I have to agree with Coastal about adding the broth to the roux and not the other way round. The first time I made gumbo I added the roux to the broth only to find I had too much broth or too little roux. For me, it's a lot easier to get the right thickness by thinning the roux with broth. I guess once you've done it enough and know exactly how much of each you need then it wouldn't matter. Dang, now I'm craving gumbo. 

Sent from my SCH-I545 using Tapatalk 2


----------



## Shaky (May 21, 2004)

I always use 1/2 butter and 1/2 bacon grease for my roux. Gives it a better flavor to me than oil. Everything else has pretty much been posted.


----------



## balvarez (Mar 6, 2006)

Tony Chachere makes an instant roux that is not bad and very easy to use.


----------



## waterwolf (Mar 6, 2005)

*Boiled egg*

And crab...thyme seasoning..a little goes a long way.


----------



## JFolm (Apr 22, 2012)

Thanks everyone. Today my better half made the gumbo for me while I was at work. She cheated and used a roux made by Dougets. I plan to use y'all's suggestions when I get a chance to make my own batch.


----------



## deano77511 (Feb 2, 2005)

JFolm said:


> Thanks everyone. Today my better half made the gumbo for me while I was at work. She cheated and used a roux made by Dougets. I plan to use y'all's suggestions when I get a chance to make my own batch.
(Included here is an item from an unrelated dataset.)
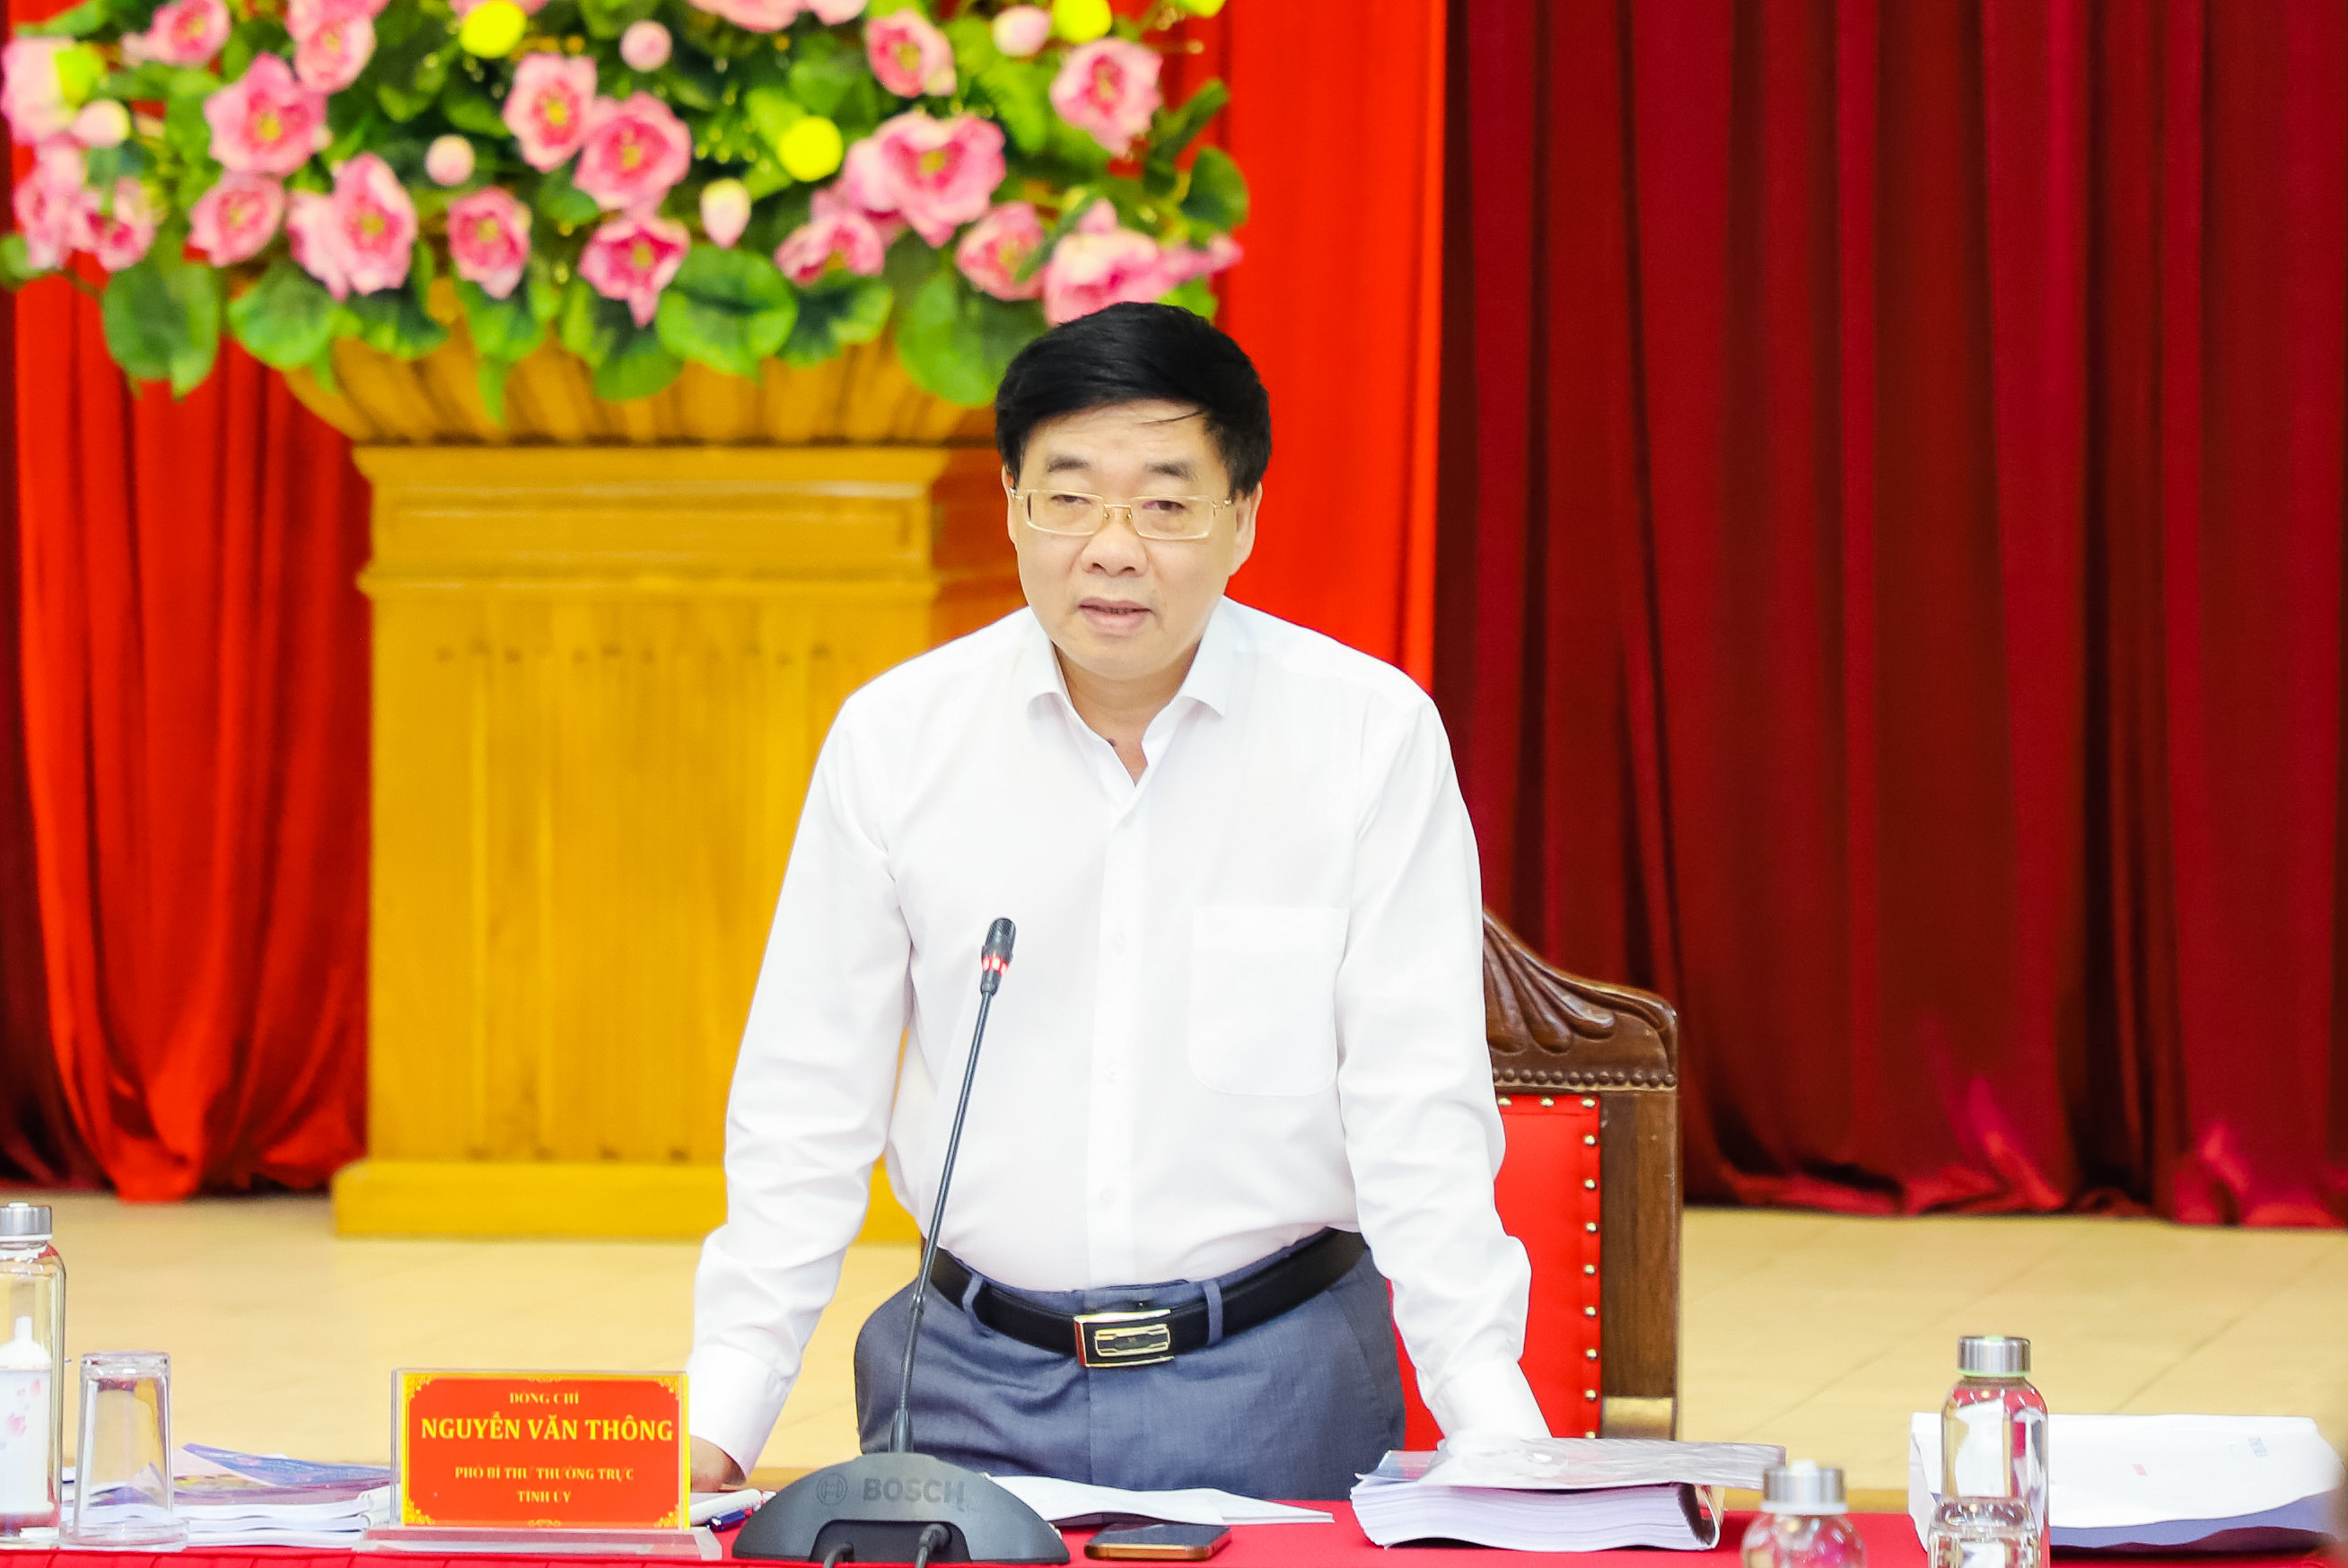 Đồng chí Nguyễn Văn Thông - Phó Bí thư Thường trực Tỉnh ủy kết luận cuộc làm việc. Ảnh: Phạm Bằng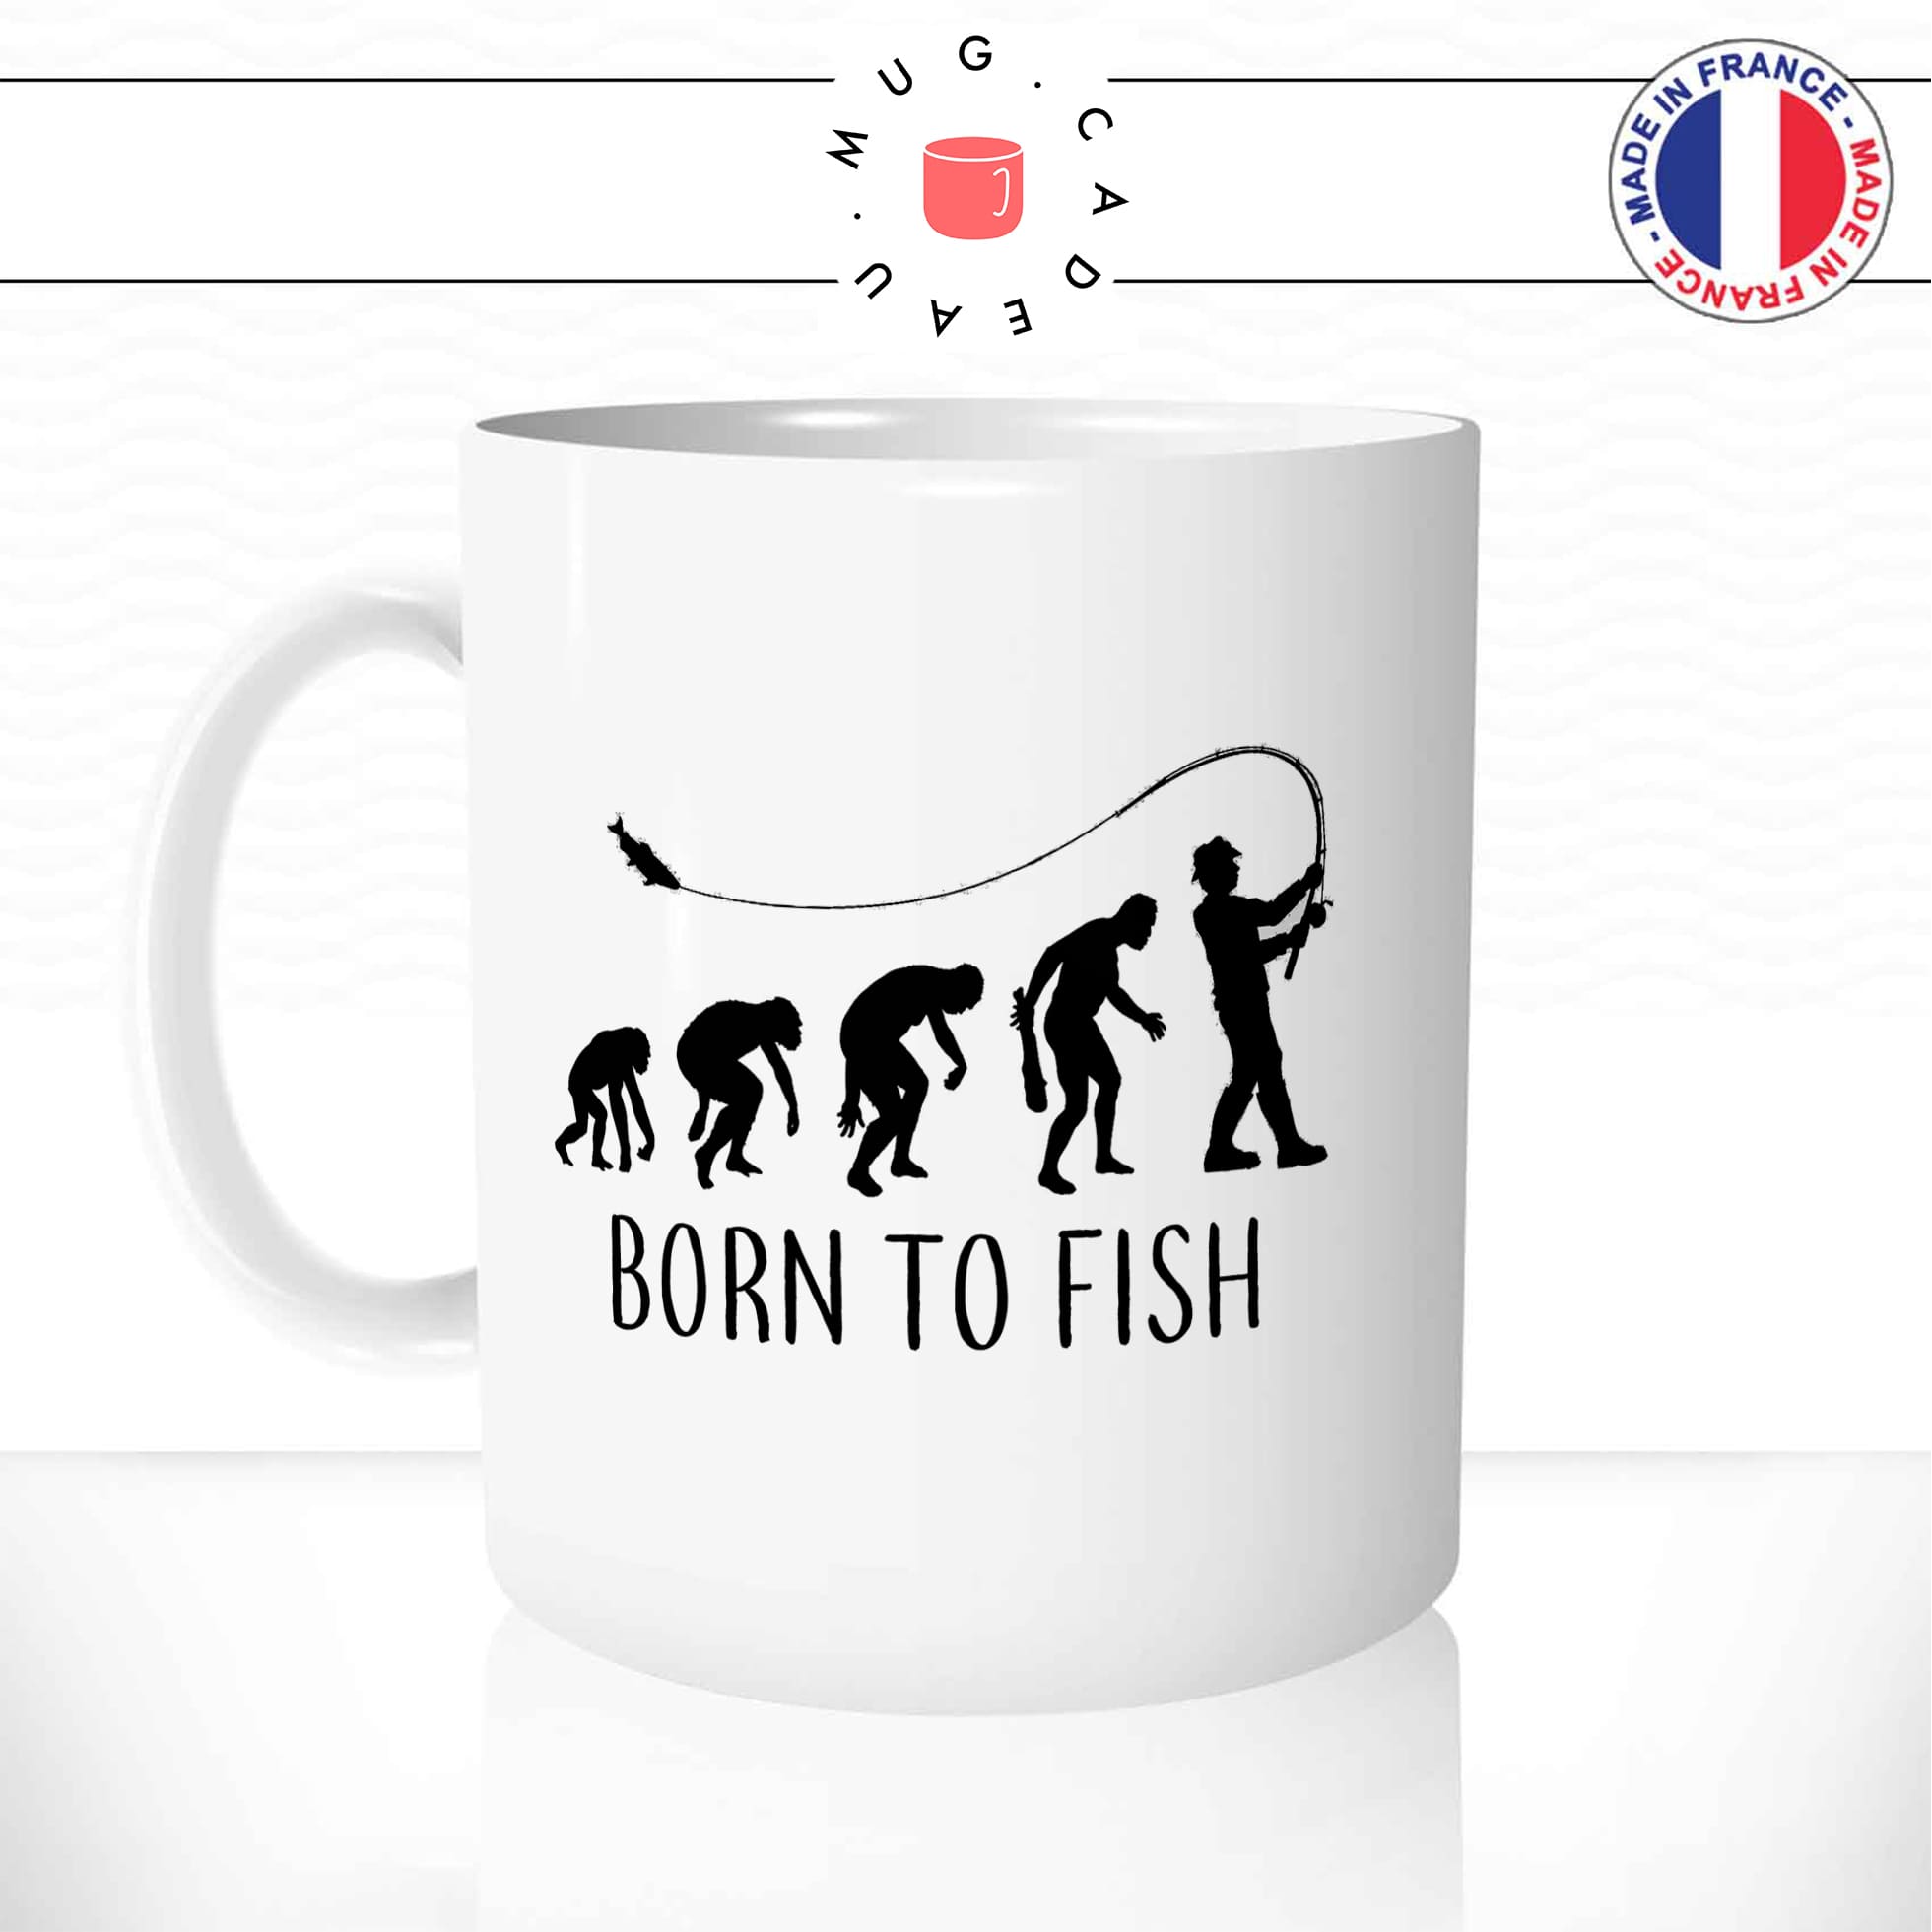 mug-tasse-born-to-fish-peche-pecheur-poisson-passion-sport-humour-evolution-de-l'homme-fun-café-thé-idée-cadeau-originale-personnalisée

Years ago a friend turned me on to this book ,we now call it the bibble ! LoL 
It has thought me everything ! He cooks his rouxe fast and ends it with the veg. and cook the veg. In the napalm .
http://www.chefpaul.com/site.php?pageID=347&iteminfo=1&productID=31
And you can put sausage just use a andouille instead . And your stock means a lot , I use shrimp heads, fish skeleton ,crab hulls .onion garlic and celery . Pm me if you got any questions .


----------



## Captain Dave (Jul 19, 2006)

JFolm said:


> Thanks everyone. Today my better half made the gumbo for me while I was at work. She cheated and used a roux made by Dougets. I plan to use y'all's suggestions when I get a chance to make my own batch.


She cheaed on ya on the Roux there is no telling the next happening... *** is Dougets ? lol

Give it a week and establish yourself in the kitchen as a contender. Since there was no pics, you can only do better... Dont make me go gumbo on ya...


----------



## rynochop (Aug 28, 2006)

Make your own roux, its not hard at all..does take some patience, just have a beer at your side. Just oil and flour and stir for like 30 minutes.


----------



## Fishin' Soldier (Dec 25, 2007)

MikeS2942 said:


> Dont burn the roux


Number one pointer. The rest will be fine.

Sent from my SCH-I535 using Tapatalk now Free


----------



## bbgarcia (Mar 23, 2008)

rynochop said:


> Make your own roux, its not hard at all..does take some patience, just have a beer at your side. Just oil and flour and stir for like 30 minutes.


Use the beer as a timer!! I usually have 2 or 3 and then I know my roux is right. Just keep an eye on the heat esp. if you're using a burner outside.


----------